Table 2 shows the genotype distribution of the 1595C/T polymorphism of the TRAIL gene in the LDD group and control group. The genotype frequency of the 1595C/T polymorphism was in agreement with the Hardy-Weinberg equilibrium (p=0.278). Lower frequencies of CT and TT genotypes were found in patients with LDD than in normal controls (p<0.001). In addition, the LDD group showed a lower frequency of the T allele compared with healthy subjects (p<0.001). Unconditional logistic regression analysis revealed that CT and TT genotypes were both reversely associated with the presence of LDD compared with the CC genotype (p<0.001; odds ratio [OR] 0.327; 95% confidence interval [95% CI] 0.217-0.493 and p<0.001; OR 0.393; 95% CI 0.234-0.661, respectively). Furthermore, the T allele was significantly associated with a decreased risk of LDD compared with the C allele (p<0.001; OR 0.483; 95% CI 0.369-0.633).

Table 2.

The Genotype and Allele Distributions of 1595C/T Polymorphism of TRAIL in Lumbar Disc Degeneration Group and Control Group

	LDD group		Control group
Genotype	n	%	n	%	p-Value	95% CI
CC	192	61.5	70	35.7	<0.001	1.00 (reference)
CT	79	25.3	88	44.9		0.327 (0.217-0.493)
TT	41	13.1	38	19.4		0.393 (0.234-0.661)
C	463	74.2	228	58.2	<0.001	1.00 (reference)
T	161	25.8	164	41.8		0.483 (0.369-0.633)

95% CI, 95% confidence interval; TRAIL, tumor necrosis factor (TNF)-related apoptosis-inducing ligand.

The association of the 1595C/T polymorphism with the severity of LDD

The association between the 1595C/T polymorphism and the severity of LDD is shown in Table 3. Patients with CT and TT genotypes had lower grades of disc degeneration than those with the CC genotype (p=0.008).
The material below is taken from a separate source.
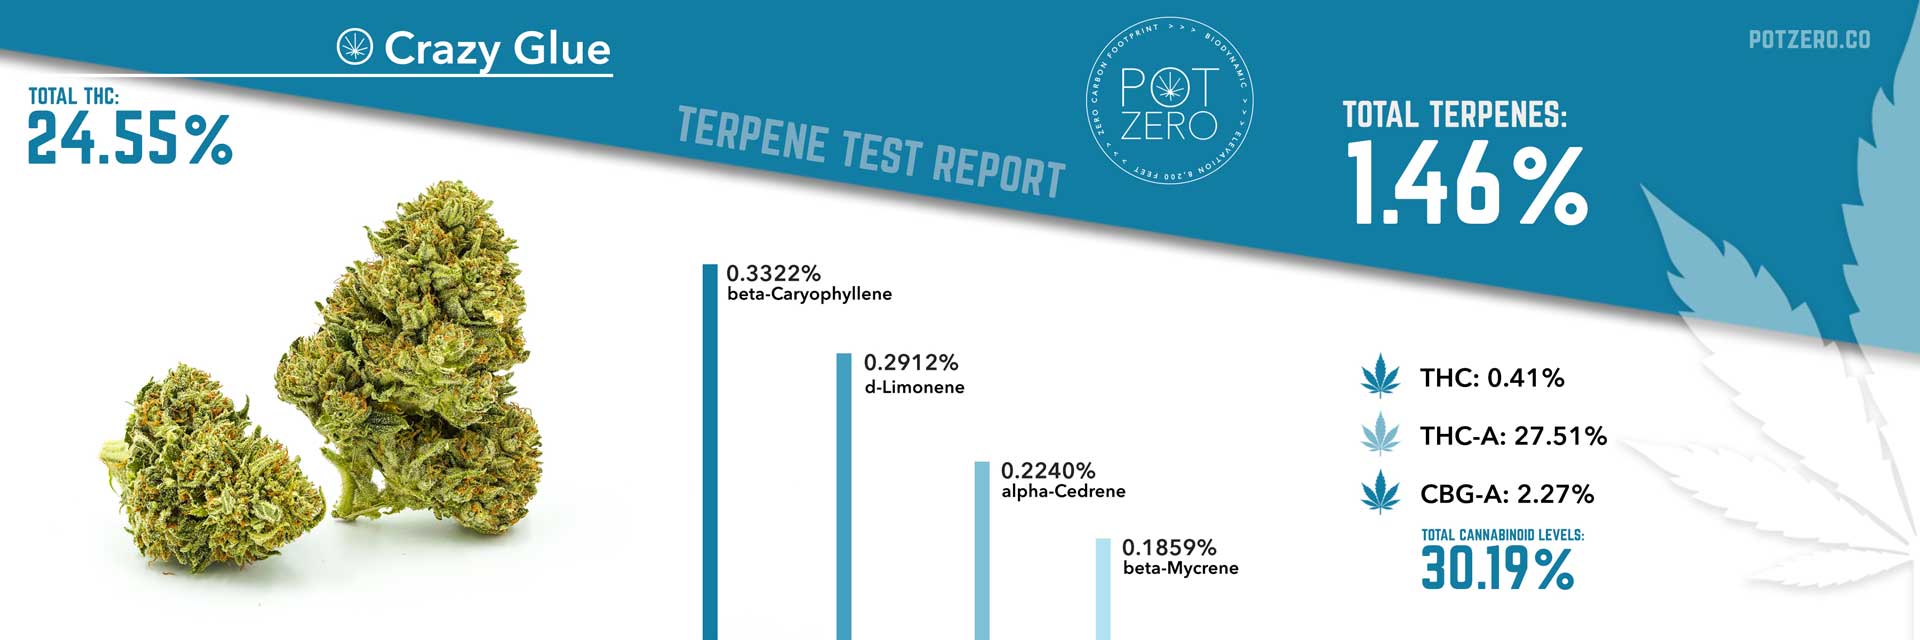 crazy glue strain terpene test report

In addition, lower frequencies of the T allele were found in higher grades of disc degeneration compared with the C allele (p=0.001).

Table 3.

The Association of Different Genotypes and Alleles of the 1595C/T Polymorphism of TRAIL with the Severity of LDD

Genotype	n	Grade 2 (%)	Grade 3 (%)	Grade 4 (%)	p-Value
CC	192	94 (49.0)	42 (21.9)	56 (29.2)	0.008
CT	79	48 (60.8)	22 (27.8)	9 (11.4)
TT	41	20 (48.8)	15 (36.6)	6 (14.6)
C	463	236 (51.0)	106 (22.9)	121 (26.1)	0.001
T	161	88 (54.7)	52 (32.3)	21 (13.0)

Discussion

Genetic factors are involved in the mechanism of the development of LDD. Many gene polymorphisms have been revealed to be correlated with the susceptibility for developing LDD in different ethnics and populations (Gologorsky and Chi, 2014). LDD caused by degeneration of intervertebral discs of the lumbar spine and concurrent disc herniation is a primary cause of LBP. LBP is a major source of disability and has a substantial impact on the cost of healthcare (Lefevre-Colau et al., 2009). Therefore, it is important to identify more susceptibility genes for LDD and then to assess the genetic susceptibility for LDD in an early stage. Subjects with susceptibility genes should establish primary prevention strategies for LDD, including avoiding or stopping the environmental and occupational risk factors of LDD.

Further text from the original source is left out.